Now, I will plot the MCMC simulation of each predictor using bayesplot

```{r}
#load bayesplot

mcmc_dens(model, pars = c("female"))+
  vline_at(-0.3, col="red")
mcmc_dens(model, pars = c("treatment"))+
  vline_at(-0.2, col="red")
mcmc_dens(model, pars = c("female:treatment"))+
  vline_at(0.3, col="red")


```



From the plots, I can conclude that the point estimates of each predictor fall in the median of their MCMC simulation distribution.


## Evaluating the bayesian model coefficients

I will evaluate the coefficients of the model by examining whether the corresponding credible intervals pass through zero. I will do this with the package bayestestR. 

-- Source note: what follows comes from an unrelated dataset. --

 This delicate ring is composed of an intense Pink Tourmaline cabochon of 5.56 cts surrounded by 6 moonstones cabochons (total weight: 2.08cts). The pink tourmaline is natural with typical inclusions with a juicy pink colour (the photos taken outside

By default, the credible interval is computed using the **highest density interval method.**


```{r}
#load bayestestR
describe_posterior(model)
```


Given the data and the priors used, there is 95% of probability that the coefficients of the predictors lie within the CI shown in the table (that is, above CI_low and below CI_high), and **all three credible intervals pass through zero.**

Another way of evaluating the coefficients is by examining the **Region of Practical Equivalence (ROPE)**, that is, the range where the effect is equivalent to zero, defined by default as [-0.10, 0.10]. For "Female", approximately 14% of its credible interval falls within the ROPE. For "Treatment" it is 24% and for the interaction it is 18%.

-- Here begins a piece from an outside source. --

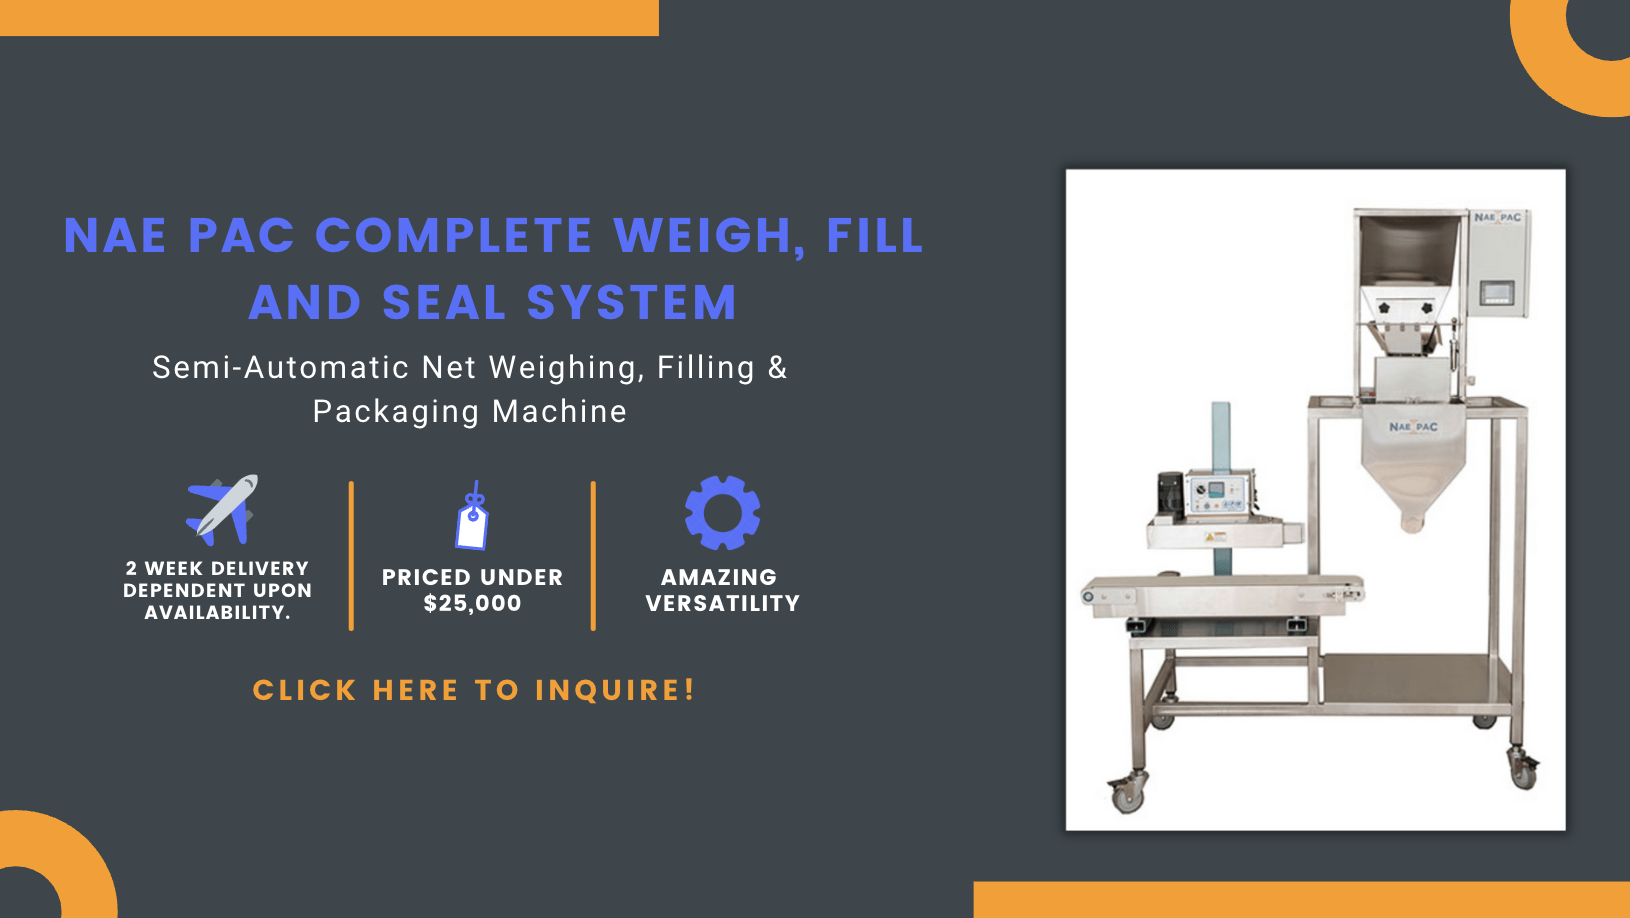 Nae Pac weigh, fill, and seal system

In order to reject a "null hypothesis", the % within the ROPE should be as close to zero as possible. **These % are far from zero.**


## Conclusion

After examining the credible intervals of each coefficient as well as the % of them that falls within the ROPE, **both the frequentist linear model and the bayesian linear model lead me to the same conclusion: the null hypothesis cannot be rejected for any of the two predictors nor for the interaction given the current data and priors.**

That is to say, **H1 and H2 are rejected**: I cannot establish any significant influence from gender and treatment to the die roll outcome reported. That is, neither gender nor exposure to the treatment make participants report lower die roll outcomes. I have not found any interaction effect from these two predictors either.


## References

1. Abeler, J., D. Nosenzo, and C. Raymond. (2019) ‘Preferences for Truth-Telling’, Econometrica, 87(4), pp. 1115–1153.

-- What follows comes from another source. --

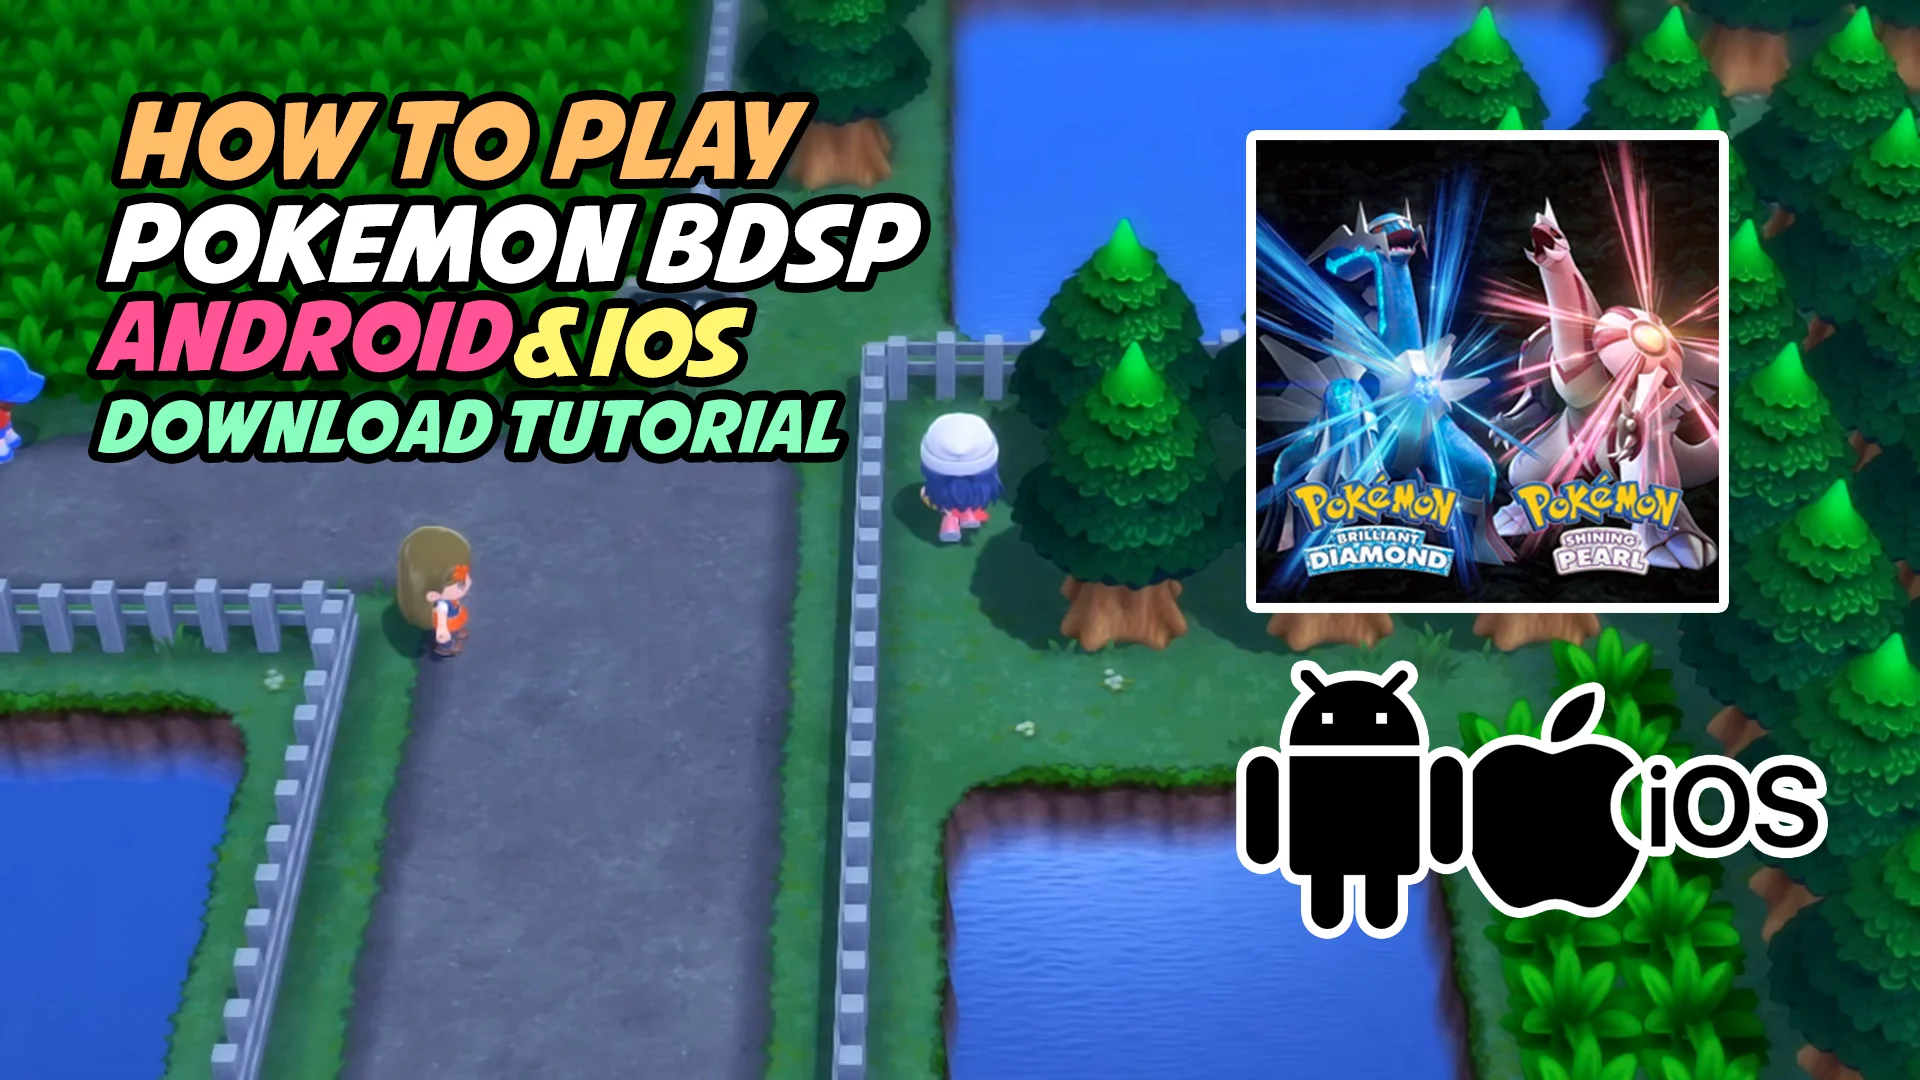 How To Download Pokémon Brilliant Diamond Gba Android /iOS Without Download

2. Dreber, A. and Johannesson, M. (2008), ‘Gender differences in deception’, Economics Letters, 99 (1), pp. 197–99.

3. Festinger, L. (1962) ‘Cognitive Dissonance’, Scientific American, 207(4), pp. 93–106.

4. Fischbacher, U. and Föllmi-Heusi, F. (2013) ‘Lies in Disguise—An Experimental Study on Cheating’, Journal of the European Economic Association, 11(3), pp. 525–547. doi: 10.1111/jeea.12014.

5. Grimm, P. (2010) ‘Social Desirability Bias’, in Wiley International Encyclopedia of Marketing. Chichester, UK: John Wiley & Sons, Ltd. doi: 10.1002/9781444316568.wiem02057.

6. Mazar, N., Amir, O. and Ariely, D. (2008) ‘The Dishonesty of Honest People: A Theory of Self-Concept Maintenance’, Journal of Marketing Research, 45(6), pp. 633–644. doi: 10.1509/jmkr.45.6.633.